Docker: Repeatability in R&D and Academia

Repeatability is a core consideration for any research environment. Whether for public knowledge or internal to a company a future researcher being able to re-produce your experiment is essential to the scientific method

Jan. 7, 2018

I have been tinkering with Docker in my spare time and have really come to see the power it brings to the table when working on software projects. So many times deploying to either my personal server or the Windows servers we have at work have resulted in errors based on the environment the code is running in or the build steps used to create it. Alongside being an extremely frustrating and stressful problem it is so demoralizing to complete a set of work and then to have doubts about whether or not it will actually work when put in production. Docker seems to solve this in such an eloquent and complete way and I am thoroughly enjoying it for my personal work. Just have to get the IT team at work to agree to let me use it there!

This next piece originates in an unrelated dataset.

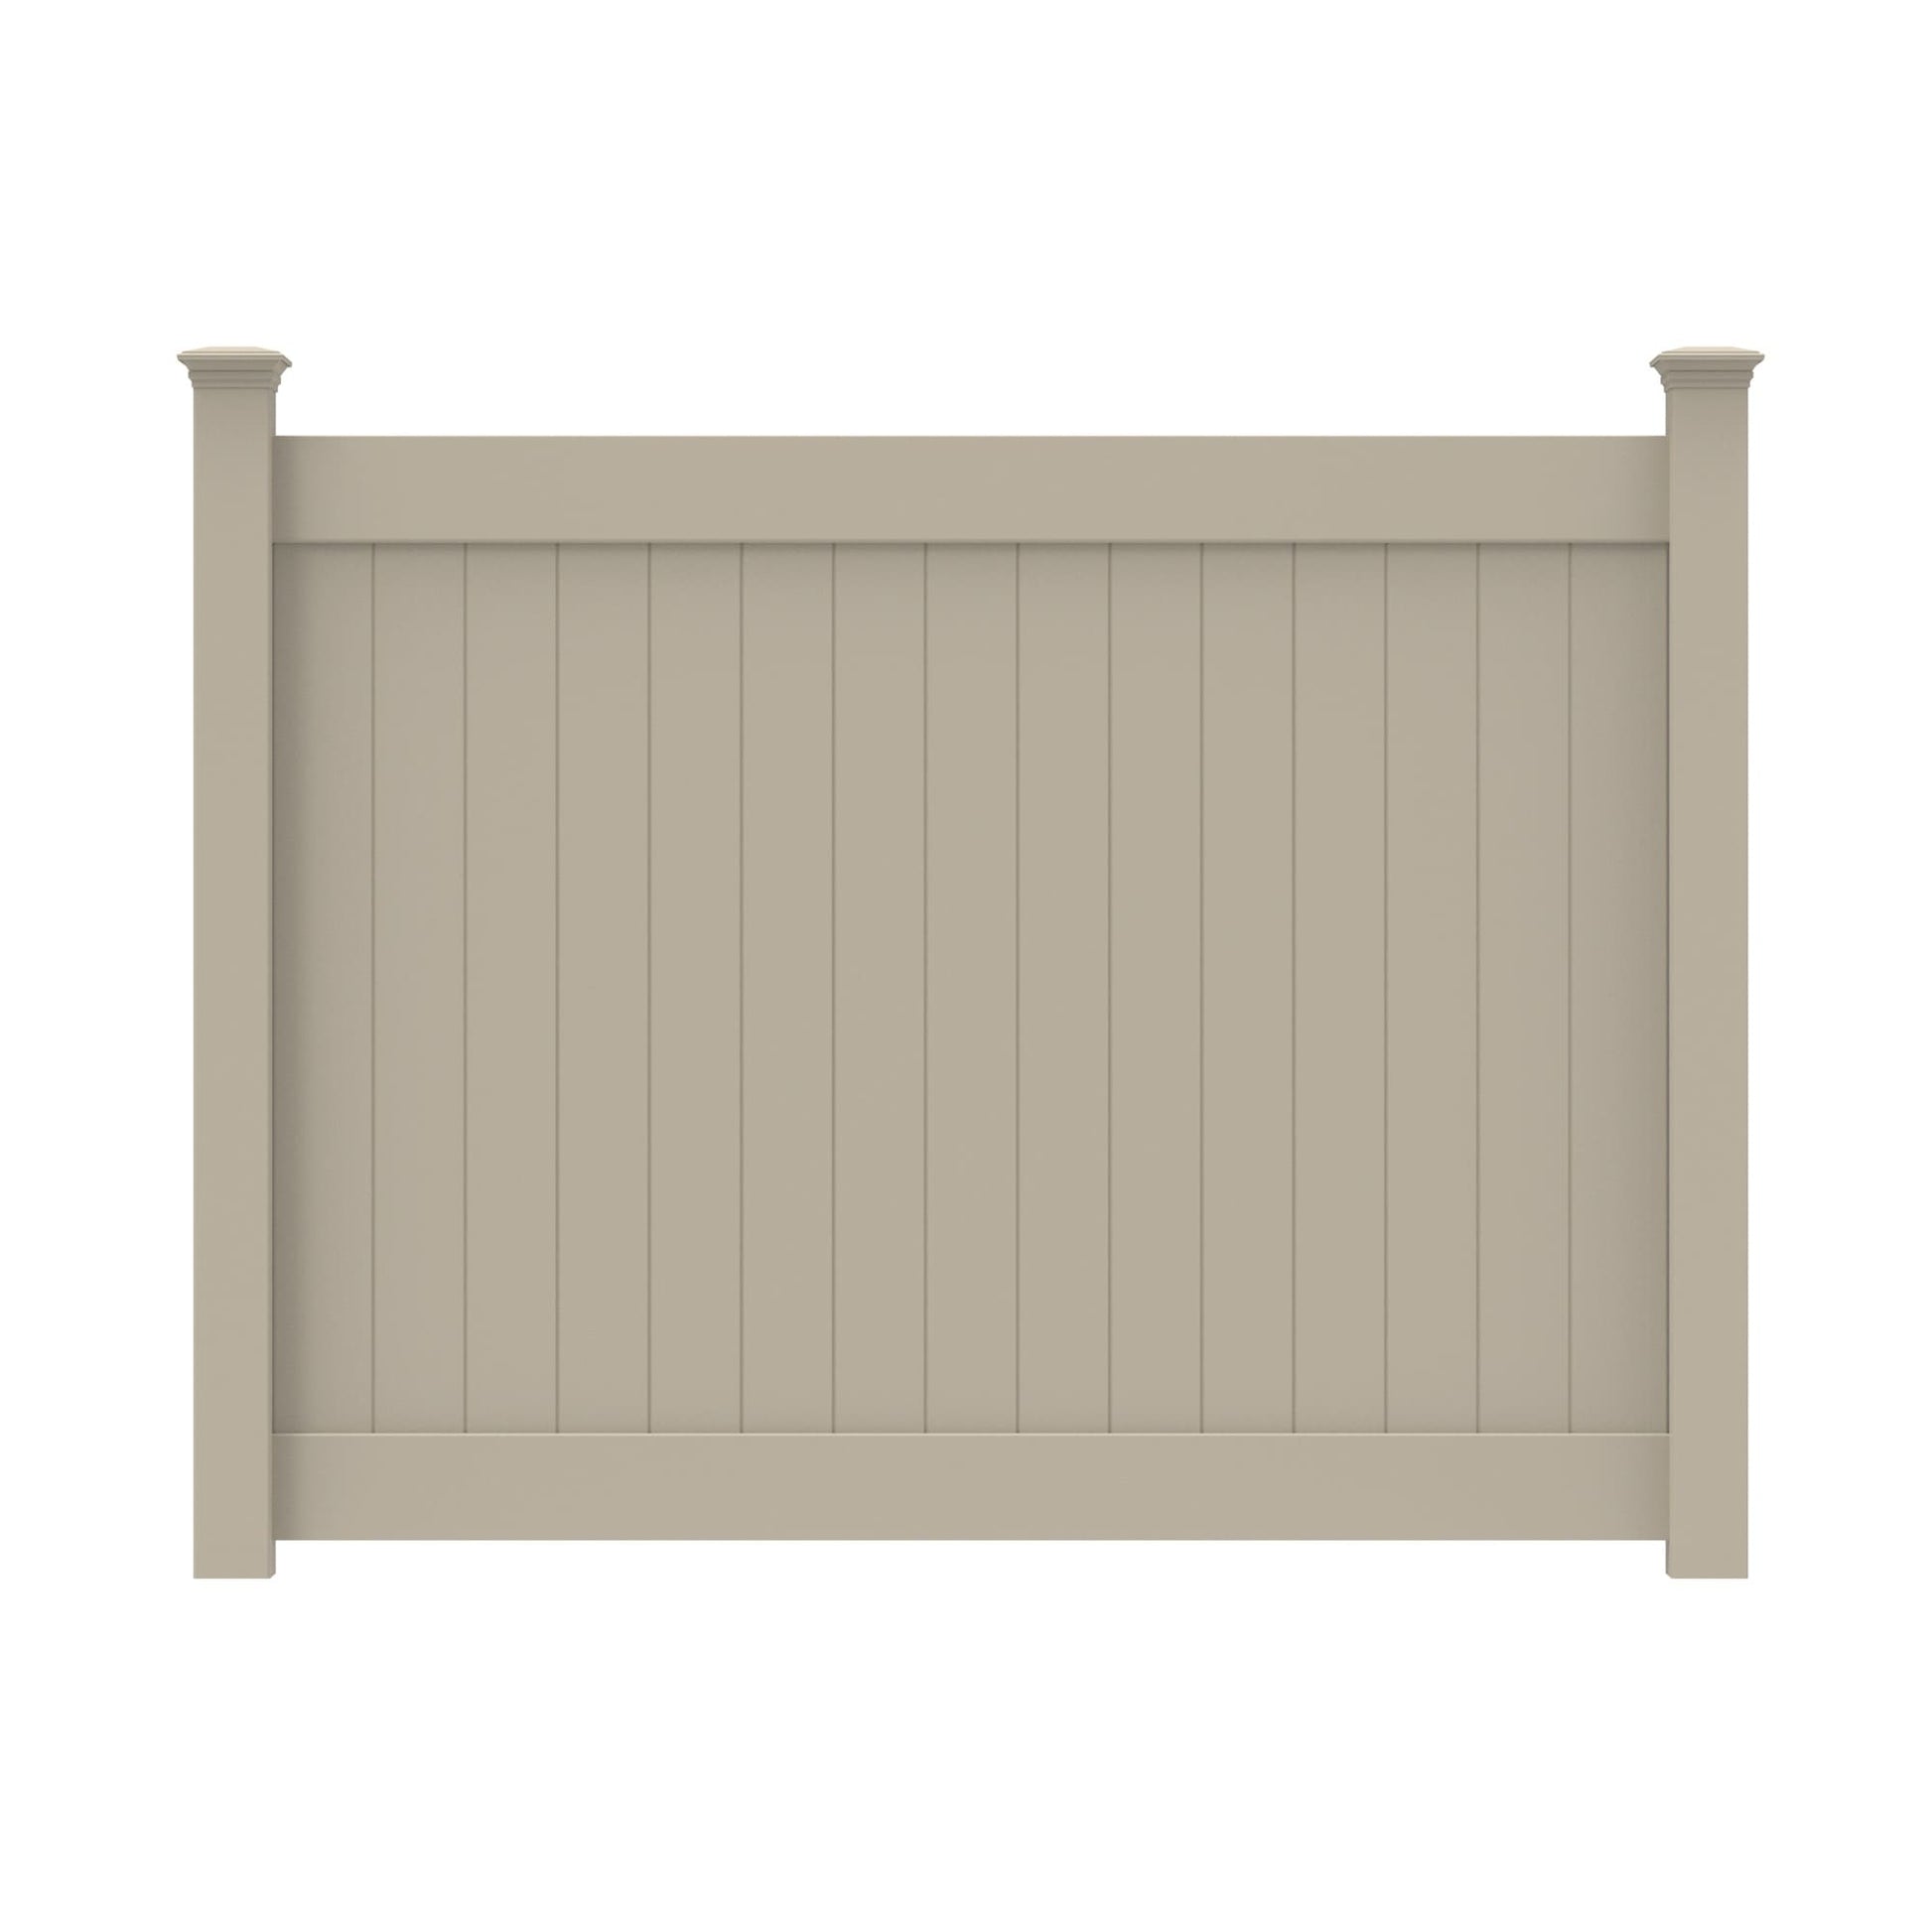 Dogwood Home Series - Fence Panel - 6' x 8'-Vinyl Fence Panels-ActiveYards-Clay-FenceCenter

I was first really introduced to Docker when working on the Axelrod projects and their philosophy about it really convinced me to implement it from an operations perspective. Their use cases are, alongside operational, academic in nature. The primary reason they bring it up is to allow the repeatability of the experiment.

At work every experiment, the conditions it ran under, lab results, documentation, notes and conclusions are all meticulously documented in dedicated software tool. I can search "nylon crystallization" and it will come back with every experiment that contains those keywords. It is an essential tool for our company to continue being innovative and make progress in our field. From my work with the R&D teams at work who we ran our process experimentation with, as well as spending a lot of time in labs in college, repeatability is a core facet of experimentation. If we can repeat an experiment we can build on top of it and push forward.

The beauty of Docker is the ability to build an environment, use it locally and then literally take the exact same environment - not a copy, not a re-creation but the environment itself and then use it in a different location. On top of that even if you do need to re-create (i.e. build) the image, the Dockerfile can execute this and I have basically complete confidence that it will be an identical environment.

More and more of academia is moving into programming as a solution to some difficult problems and I believe based on talking to some of my friends who are PHD students doing research that this trend will only continue. Reproducing an experiment in this field can be difficult because of the large array of operating systems, versions and software installed on them. I am interested to see if Docker grows to solve that problem as it is growing to solve a similar issue in software operations.